WHAT THE EXERCISE ASKS: Restate the listing below word for word; no picture is to be carried over.

DATA SEGMENT:
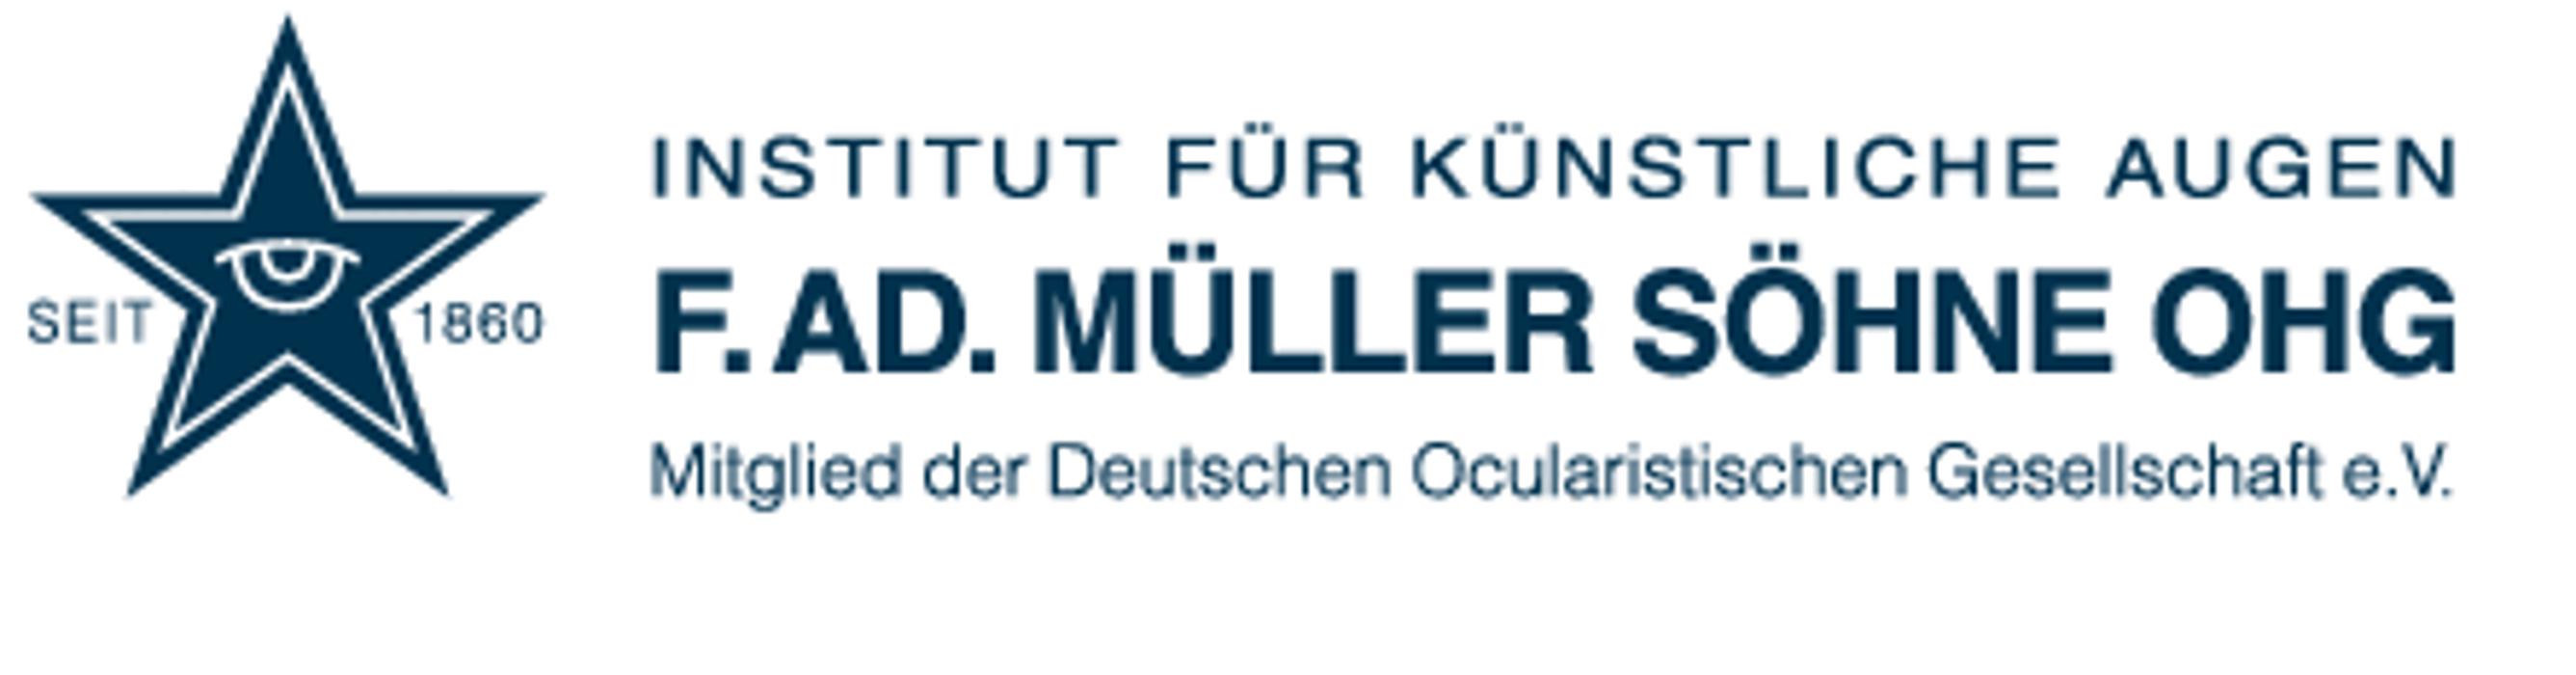 Bild zu Institut für künstliche Augen - F. AD. Müller Söhne GmbH & Co. KG in Wiesbaden
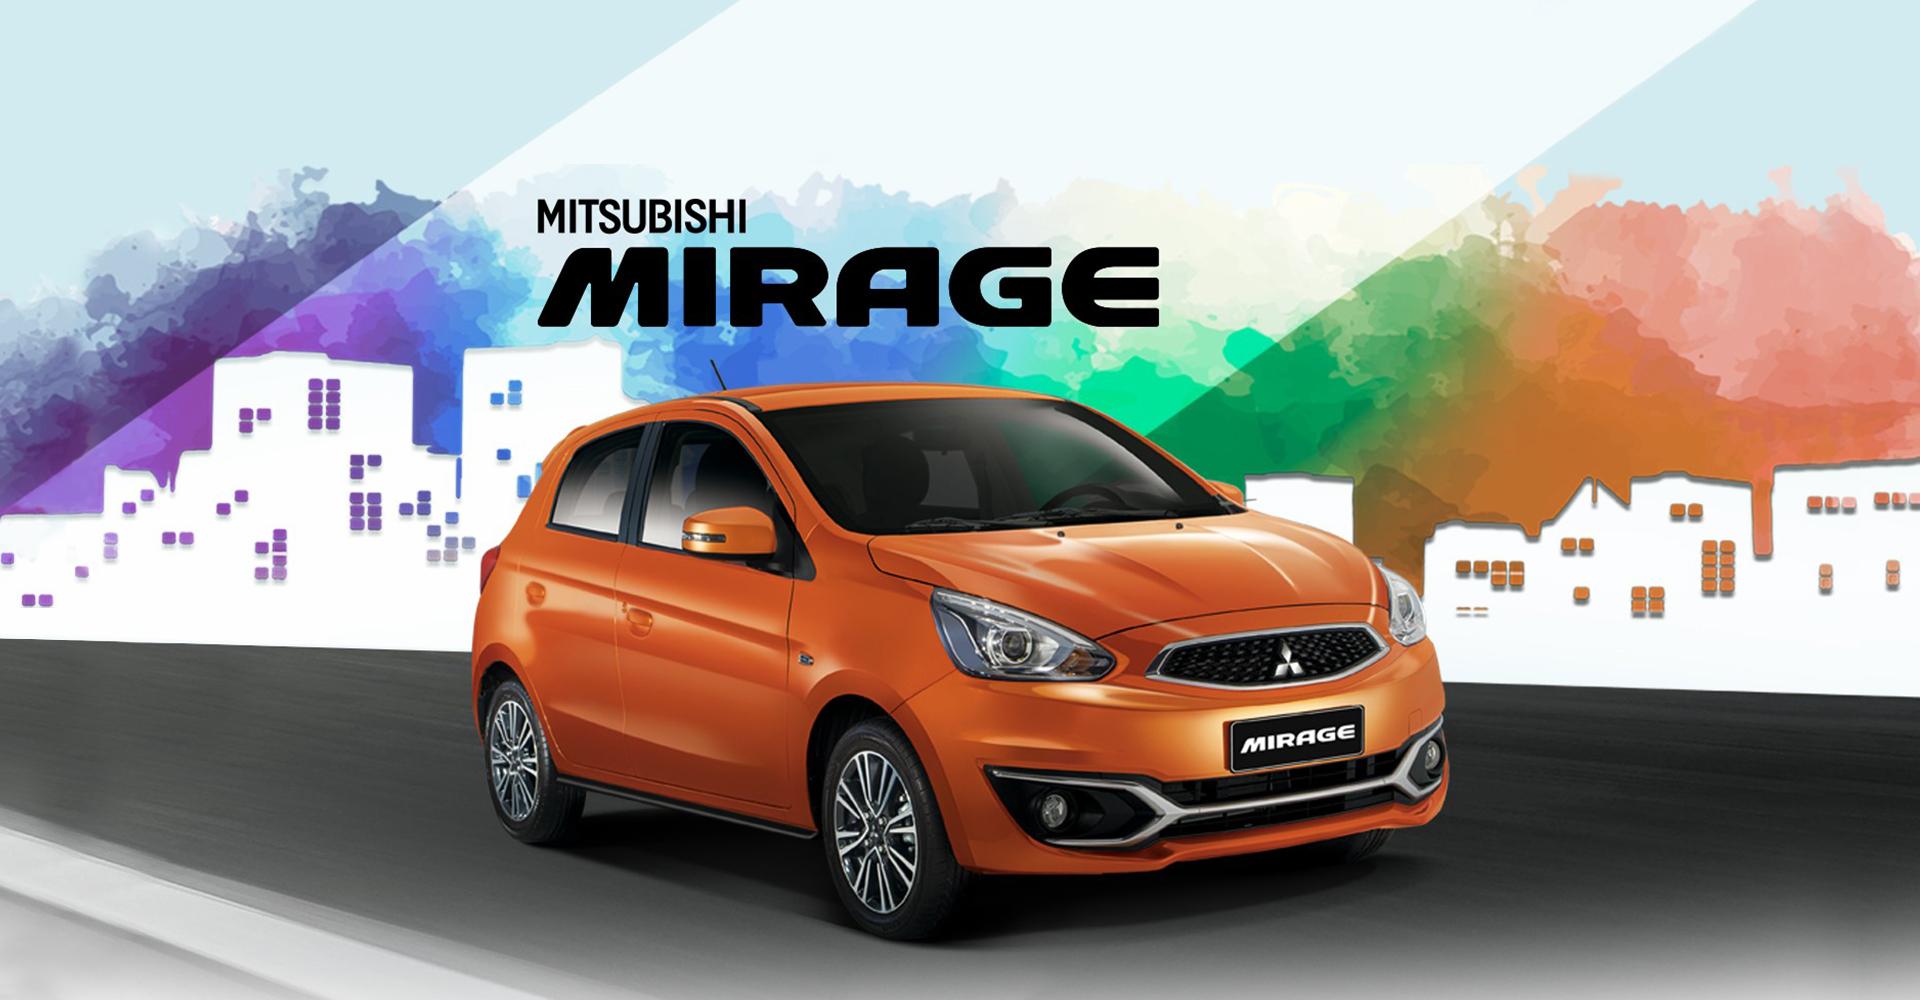 Duplikat kunci Mobil Mirage
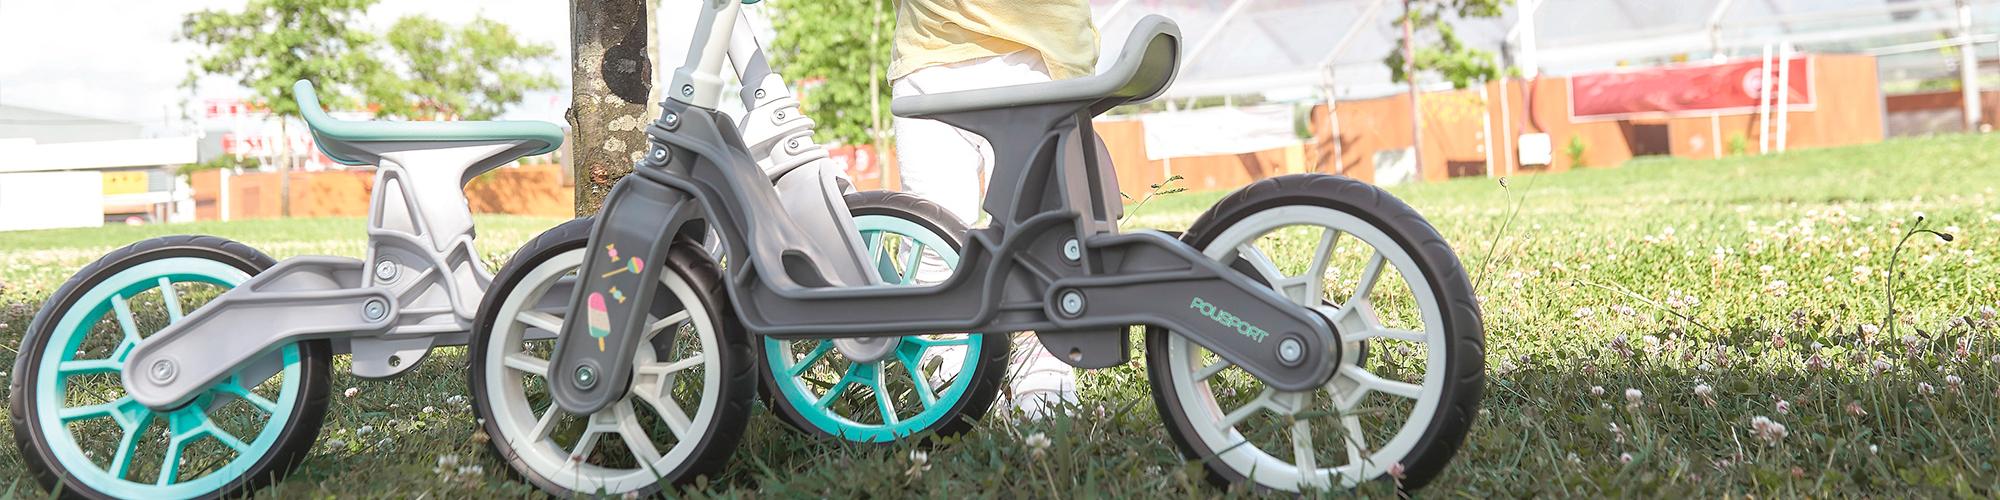 Accesorios moto y bicicleta

RESULT:
 Bild zu Institut für künstliche Augen - F. AD. Müller Söhne GmbH & Co. KG in Wiesbaden
 Duplikat kunci Mobil Mirage
 Accesorios moto y bicicleta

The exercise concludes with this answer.